Moving away from child
Hello to any and all reading. I'm really hoping that I can get some advice or people's opinions on this. My ex partner (originally from the UK) lived in South Africa about 9 years ago. We had fallen pregnant with our beautiful daughter however at the time we had to leave SA for the UK. My ex came up first and I was due to follow. She had broken up with me just before I was due to leave and even though leaving my own home, country and family devastated me, I just couldn't bare the thought of not being a father to my daughter so I left and came to the UK shortly after which my daughter was born.

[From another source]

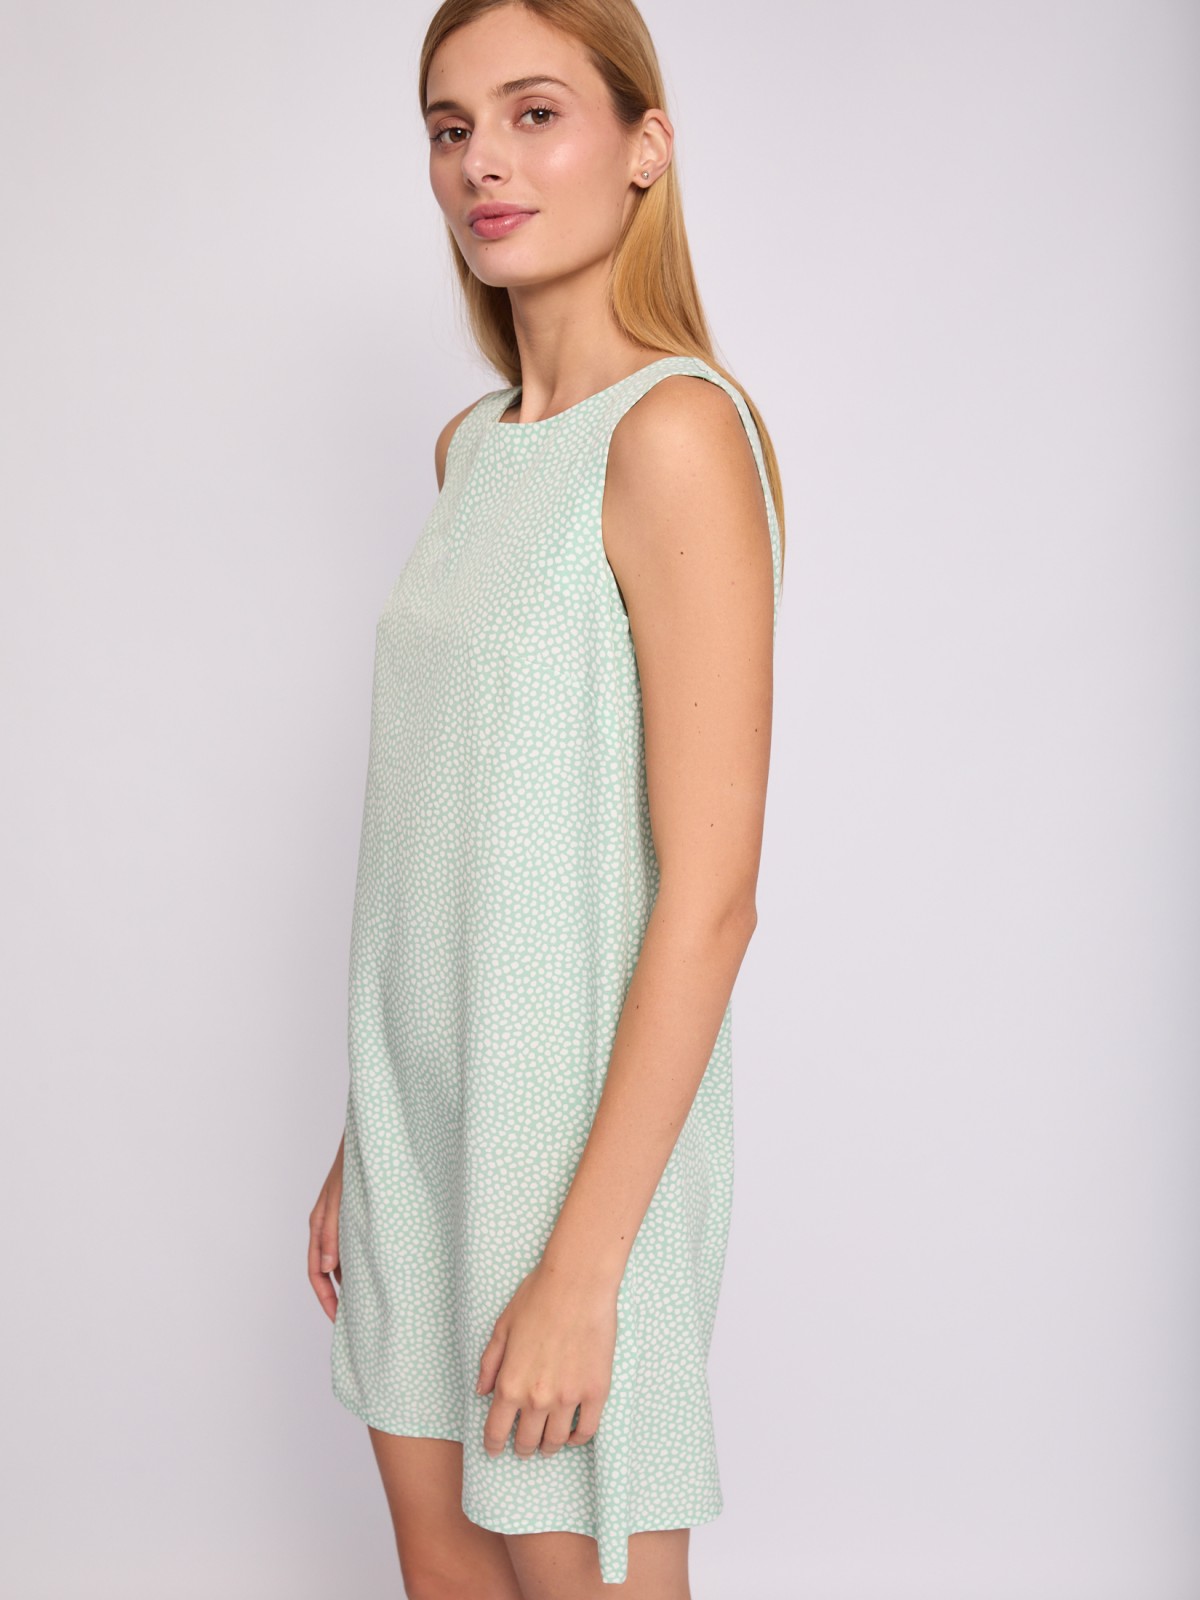 Платье мини без рукавов с вырезом на спине zolla 024238262232, цвет светло-зеленый, размер XS - фото 4
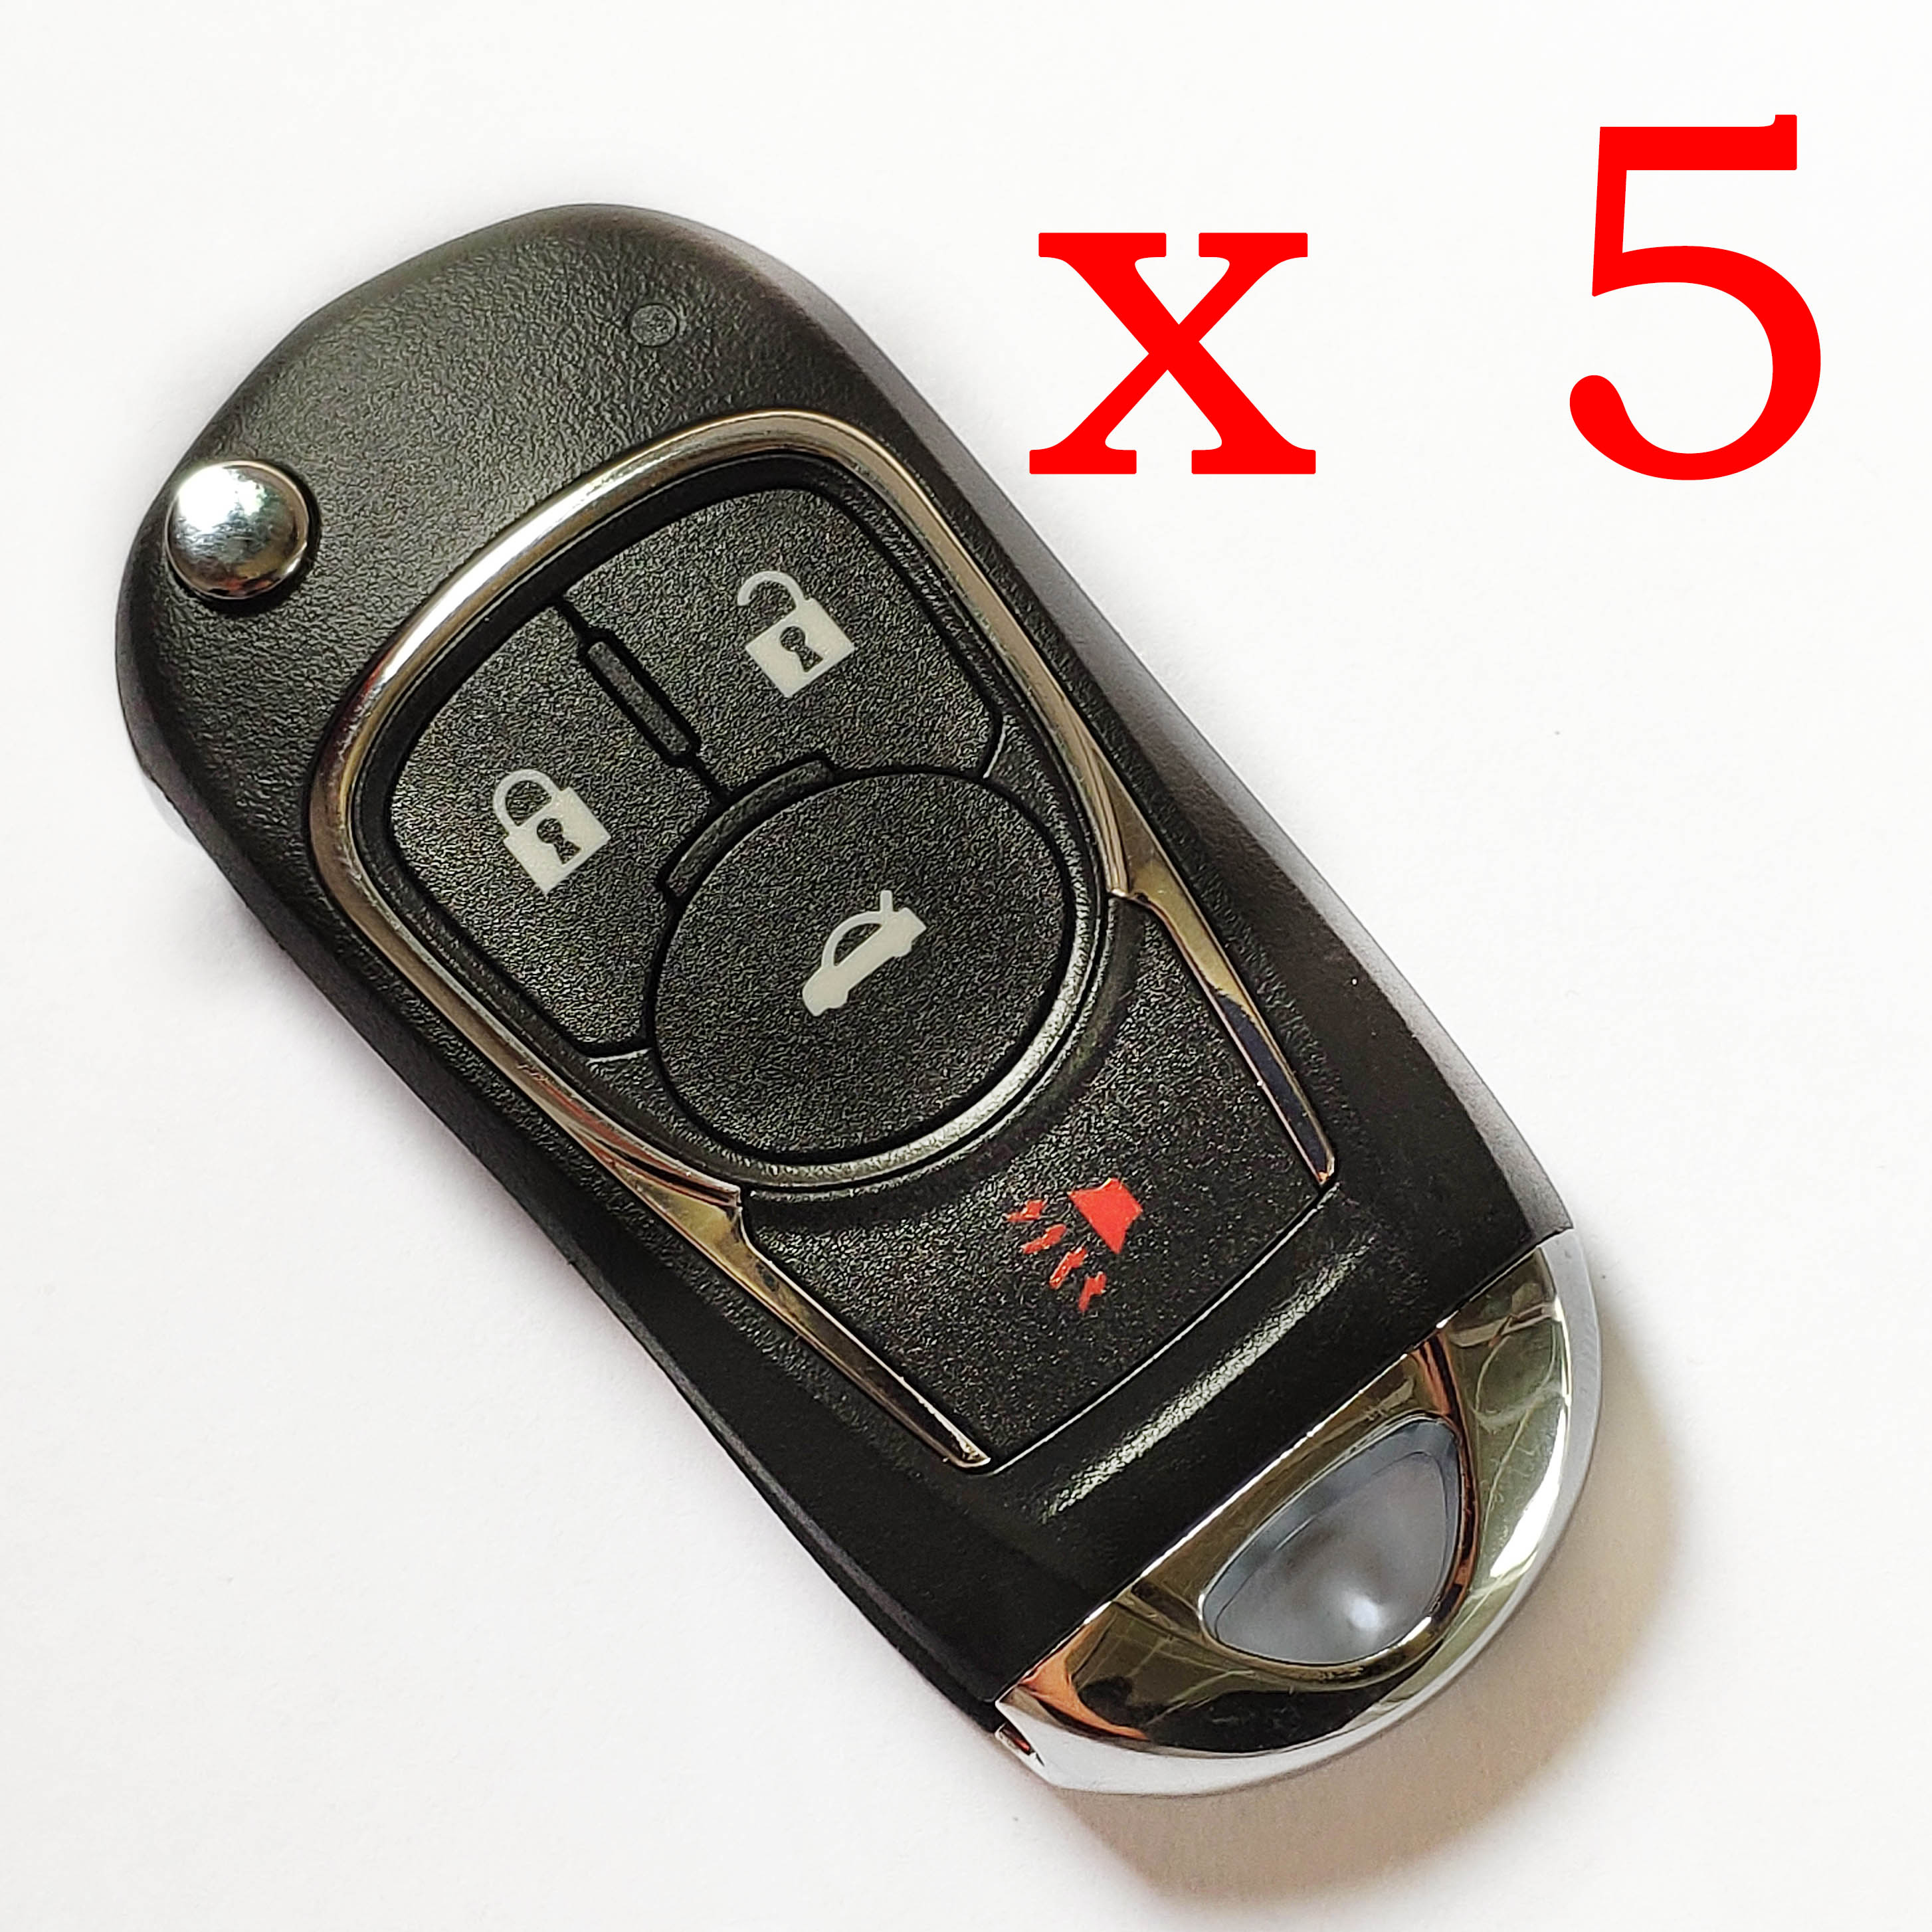 5 pieces Xhorse VVDI GM Type Universal Remote Key - XKBU02EN - with Blades & Logos

Long story short (I suppose), things never really worked out with me and my ex and while at times that relationship was very strained we still made civil contact work for the sake of my daughter and to be fair, she has really given me the opportunity to have a relationship with my daughter. She had moved on a couple of years ago and is due to get married and has another child with her fiancé and I am genuinely happy for her. I on the other hand have struggled to form any meaningful romantic relationship and while I manage to go "home" on holiday once a year, its the only time of the year when I feel like me. As the years have gone on the struggle against depression has become increasingly more difficult and I feel like I'm under a dark cloud every day. I would obviously never express these emotions to my daughter. I feel like I've come to the point where I actually need to go back home for good now (in about 6-9 months) but before I begin the official planning I wanted to see if anyone else has been faced with this or even if they just had an opinion on whether you would do it or not.
Granted the world is smaller with things like Skype and FaceTime etc (currently see my daughter every Friday night until Saturday afternoon) and I know that this could never replace actual contact and I will be on another continent and will probably be limited to two or three visits per year (couple of weeks at a time), I guess I am just looking for a bit of guidance and opinion.